Zafin is a banking software enterprise platform company that provides relationship-based pricing to banks and financial institutions.

The company has offices in Canada, USA, UK, Germany, United Arab Emirates, India, Malaysia, and South Africa.

==History==
The company is founded and led by Karim Somji in 2002.

In March 2020, Zafin announced the appointment of Venkataraman Balasubramanian to its senior leadership team as executive vice president and chief technology officer.

In early 2022, Zafin purchased Surrey, B.C.-based FinancialCAD Corp. (Fincad), a provider of derivatives valuation software, for $32.7 million USD. However, instead of integrating Fincad into its own platform, Zafin sold the business to New York-based financial analytics provider Numerix LLC in April 2023 for an undisclosed amount.

Nordic Capital has acquired a majority stake in Zafin. As part of the transaction, long-time investors Beedie Capital, Kayne Partners, and Vistara Growth have sold their stakes in the company. Beedie Capital first invested in Zafin in 2012, followed by Kayne Partners in 2014 and Vistara Growth in 2018.

==Clients==
The company's clients include banks and financial institutions such as Standard Chartered Bank, Bank of the West, CIMB, ZKB, Nedbank, HDFC Bank, National Bank of Abu Dhabi, and SEB.

==Awards==
Zafin won a Technology Award in 2007, courtesy of The Banker magazine, for Best Implementation in the Retail Banking Project category.

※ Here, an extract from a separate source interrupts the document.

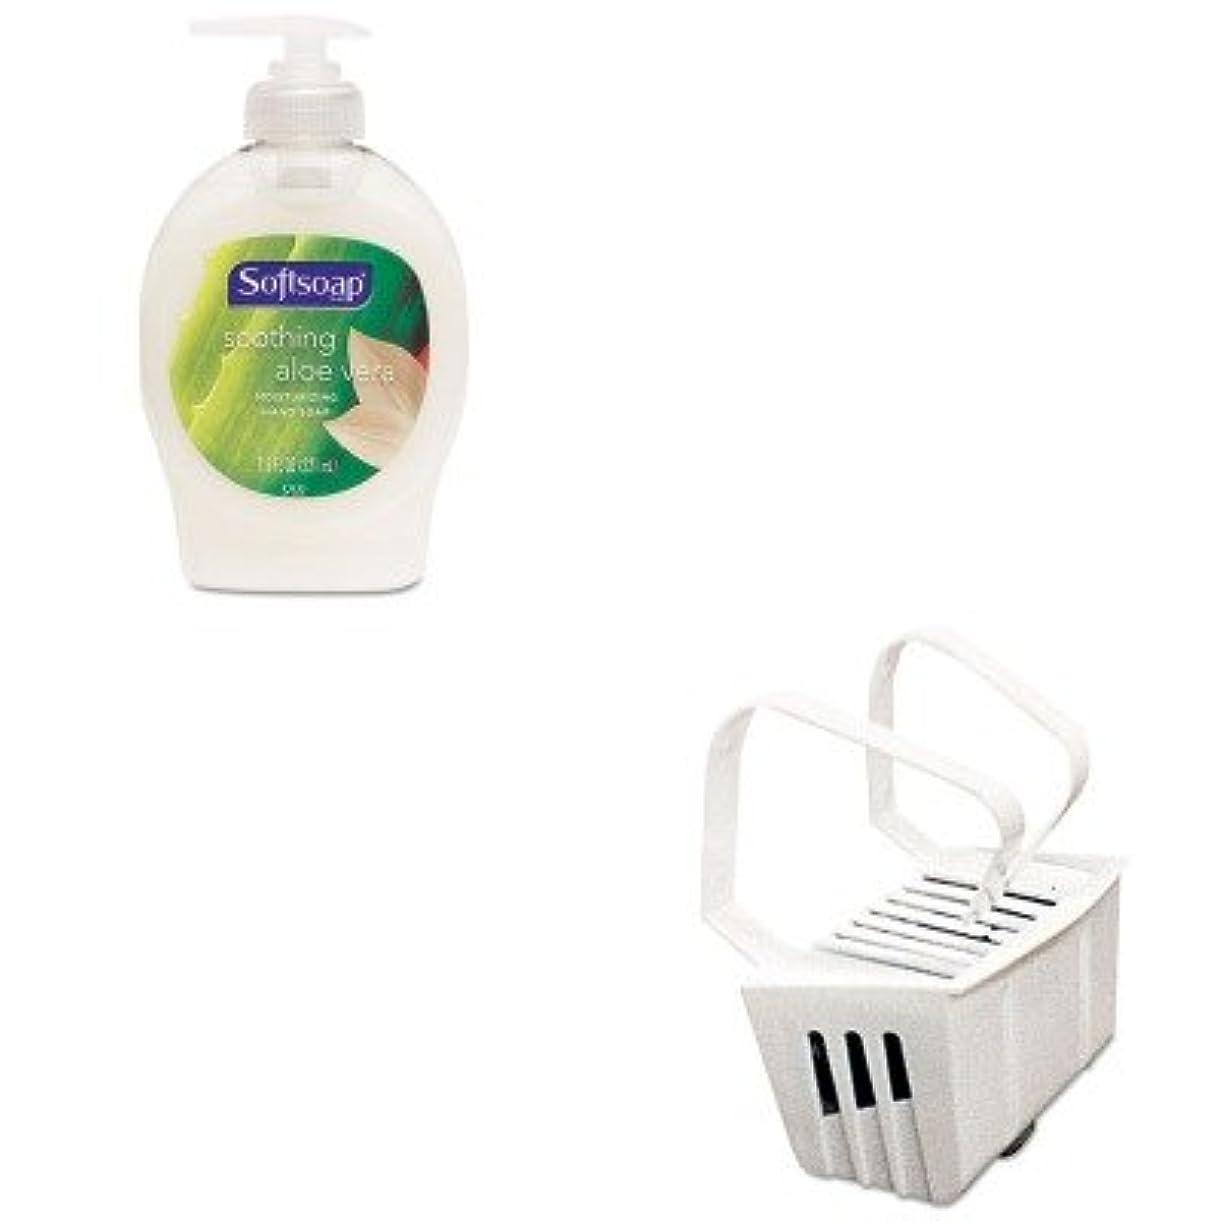 糸ディスク会議kitbgd661cpm26012ea – Valueキット – Non Paraトイレボウルリムハンガー( bgd661 )とSoftsoap Moisturizing Hand Soap w /アロエ( cpm26012ea )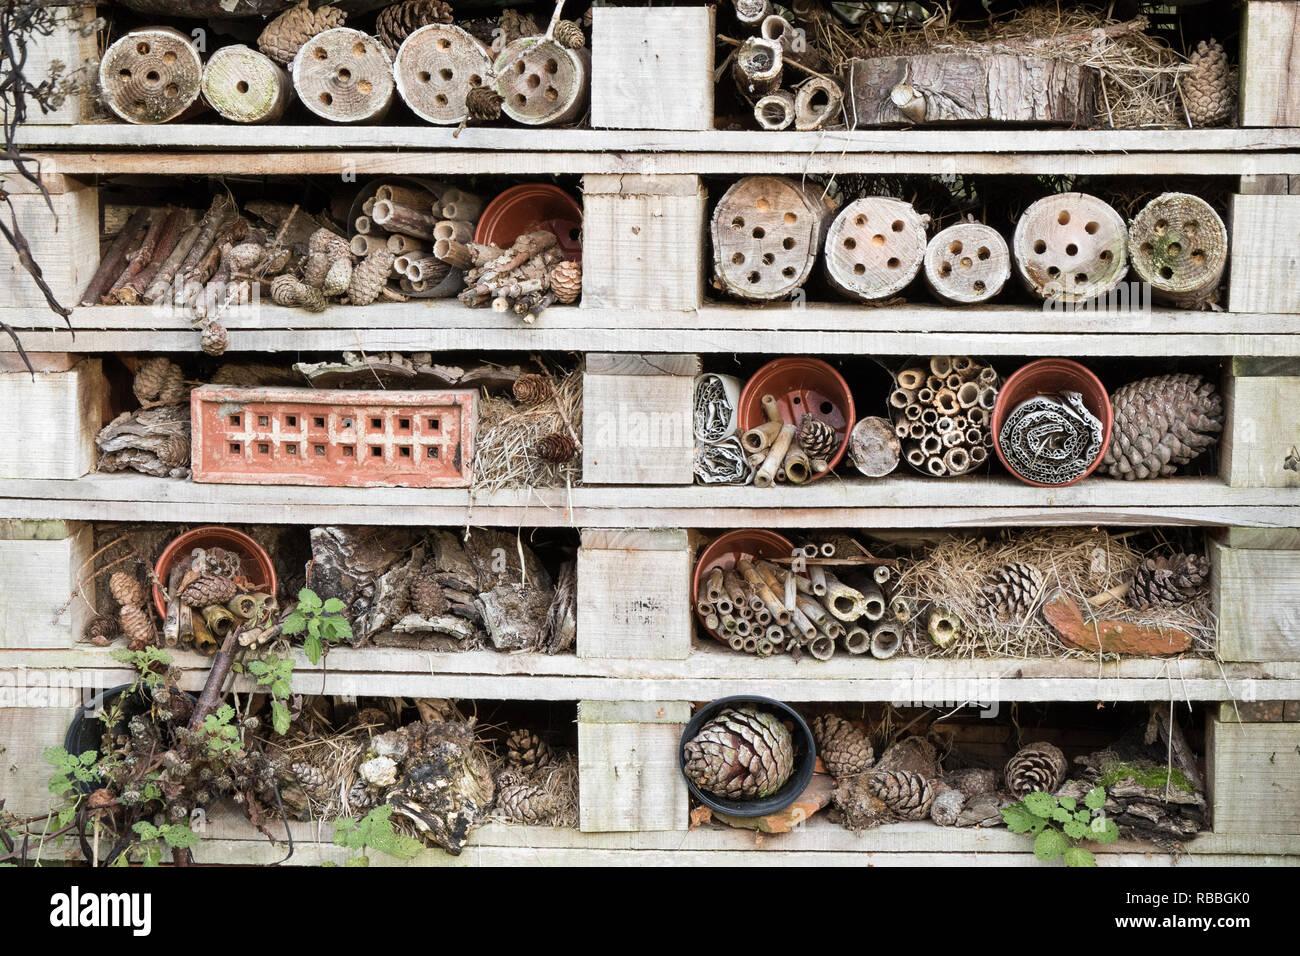 Bug Hotel - un hábitat para la naturaleza Imagen De Stock

The award represented the first implementation of miRevenue in a bank and was awarded for the retail banking implementation at HDFC Bank.

Zafin was recognized as one of the "Top 10 FinTech Companies to Watch" by American Banker in 2013.

Zafin was listed on the Deloitte Fast 50 and Deloitte Fast 500 lists in 2014. The company experienced 865% revenue growth over the previous five-year period

==Projects==
Zafin completed a customized pricing system for ZKB in 2008. The complexity of the integration, which resulted in allowing ZKB to perform relationship-based pricing for large customers in real time, was featured in an academic text, "Management von Integrationsprojekten: Konzeptionelle Grundlagen und Fallstudien aus fachlicher und IT-Sicht", edited by Dr. Robert Winter of the University of St. Gallen.

In October 2017, the company launched new fintech partner ecosystem to assist the banks with a one-stop origination platform.